Proteins encode function through conformation, but extracting structure–function links from high-dimensional MD trajectories is challenging. The authors introduce a Kernel–PCA pipeline with an angular kernel that maps atomic coordinates into a feature space, followed by PCA to a 2D representation and selection by the correlation ratio to identify and rank reaction coordinates (RCs) via their relation to a protein property. The method recovers known activation coordinates in the β2 adrenergic receptor and reveals RCs driving folding in small proteins, with network-like interactions among top RCs; using CB atoms often preserves information while drastically reducing feature size. This framework offers a generalizable, efficient tool for MD-based structure–function analysis and RC interpretation, with potential implications for drug design and protein engineering.

Abstract

In this study, we propose a Kernel-PCA model designed to capture structure-function relationships in a protein. This model also enables ranking of reaction coordinates according to their impact on protein properties. By leveraging machine learning techniques, including Kernel and principal component analysis (PCA), our model uncovers meaningful patterns in high-dimensional protein data obtained from molecular dynamics (MD) simulations. The effectiveness of our model in accurately identifying reaction coordinates has been demonstrated through its application to a G protein-coupled receptor. Furthermore, this model utilizes a network-based approach to uncover correlations in the dynamic behavior of residues associated with a specific protein property. These findings underscore the potential of our model as a powerful tool for protein structure-function analysis and visualization.

Paper Structure

This paper contains 12 sections, 2 equations, 5 figures, 1 table.

Figures (5)

  • Figure 1: Overview of Kernel-PCA model. Trajectories are initially prepared to provide atomic coordinates as input for a Kernel model (K($\lambda_1$, $\lambda_2$, $\lambda_3$)). It is followed by PCA to generate 2D representations for Kernel outputs. Finally, a defined Correlation ratio ($C_r$) selects the optimal representation. This representation identifies and ranks reaction coordinates based on their significance to the protein property while also uncovering correlations among them.
  • Figure 2: Kernel-PCA representations of the NTL9 protein (a, b) and $\beta_2$ adrenergic receptor (c, d) corresponding to the lowest (a, c) and highest (b, d) $C_r$ values.
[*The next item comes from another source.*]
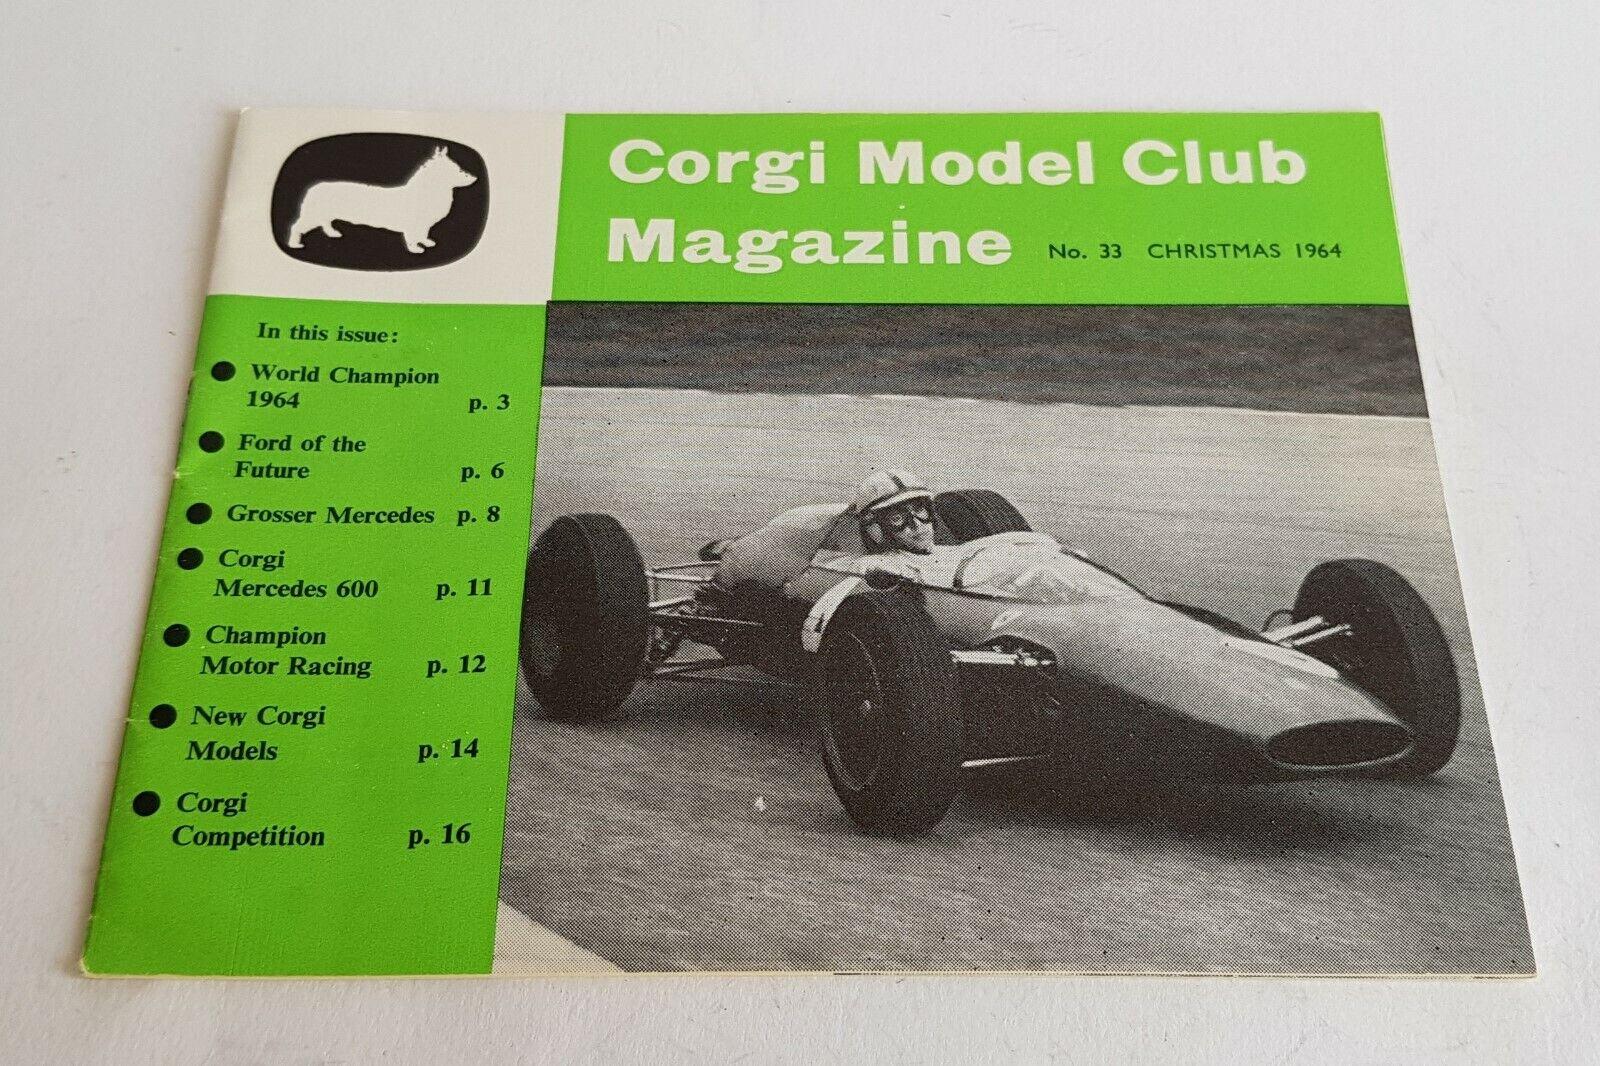 Original Corgi Club Magazine No. 33, Christmas Christmas Christmas 1964, - Superb Pristine Mint. 74c69d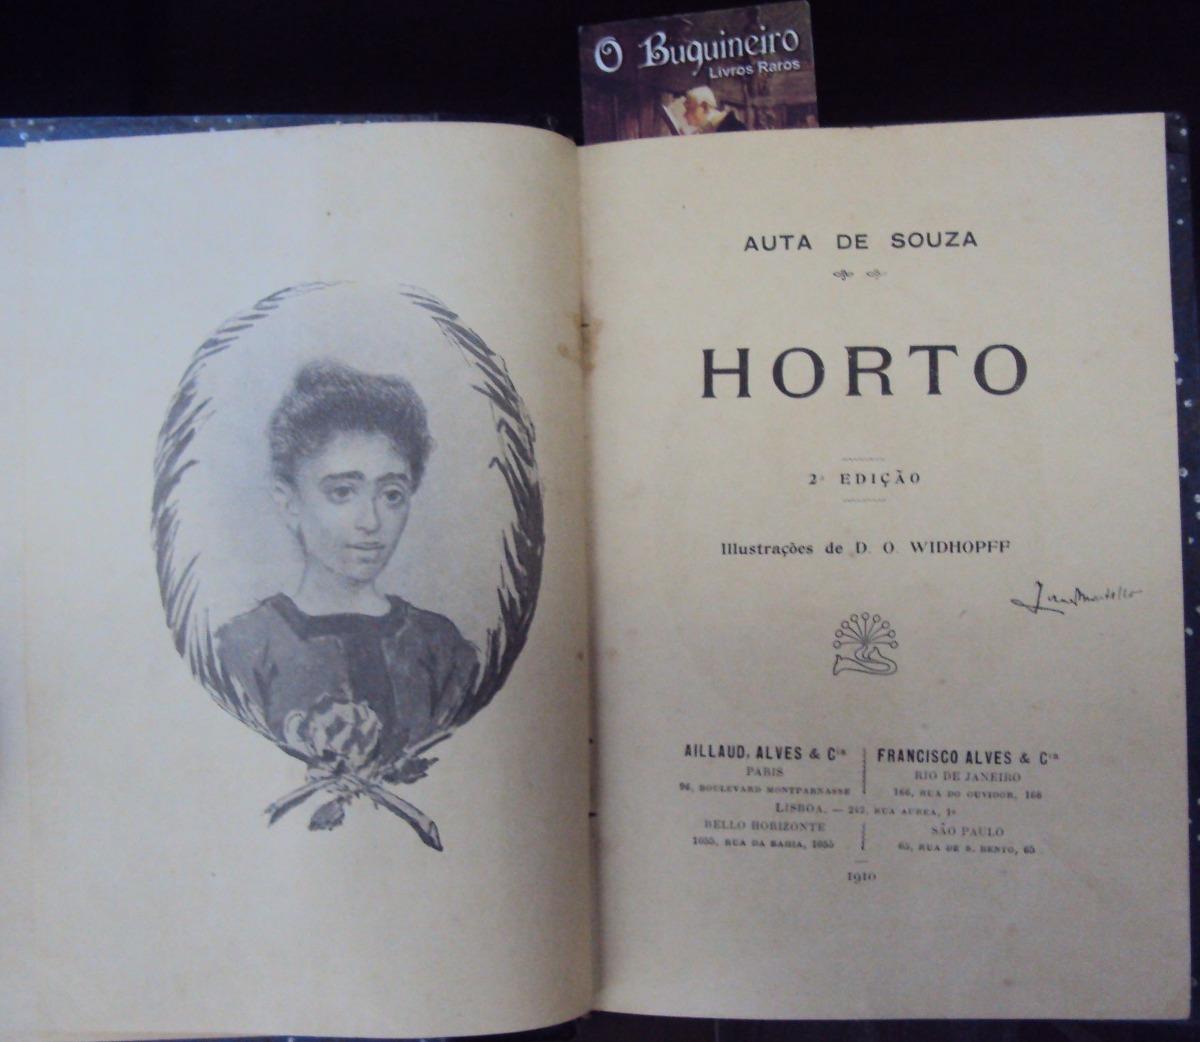 Os 139 anos de legado da poeta Auta de Souza

For the NTL9 protein: (a) K(0, 1, 0) with $C_r$ = 0.05, (b) K(0.5,0.5,0) with $C_r$ = 0.15. For the $\beta_2$ adrenergic receptor c) K(0,1,0) with $C_r$ = 0.03, d) K(0.75,0,0.25) with $C_r$ = 0.13.
  • Figure 3: Identification of reaction coordinates in $\beta_2AR$ using Kernel-PCA model. a) The known reaction coordinates in $\beta_2AR$ are the intracellular parts of TM6 during the transition from inactive to active state b) H3-H6 distances mapped onto the representation. c) amino acid types located in where essential conformational changes occur during activation process. d) top ten PC1 reaction coordinates, indicating dynamics of residues with the highest contribution to activation states of the receptor. e) dynamic motion of ${A271}^{6.33}$ projected onto the PC representation.
  • Figure 4: RMSDs projected onto the optimal representation, illustrating the maximum Correlation ratio achieved using all atoms for (a) Protein B, (c) NTL9, (e) Trp-Cage, and (g) Chignolin. Panels (b), (d), (f), and (h) show their corresponding representations generated using only the $CB$ atoms.
  • Figure 5: Strong correlation between the top two residues associated with the protein property. a) relationship between ${A271}^{6.33}$ and ${L272}^{6.34}$ residues in the inactive (blue), intermediate (green), and active (red) states of $\beta_2AR$. b) interaction between L6 and K7 residues in the unfolded (blue), intermediate (green), and folded (red) states in NTL9 protein.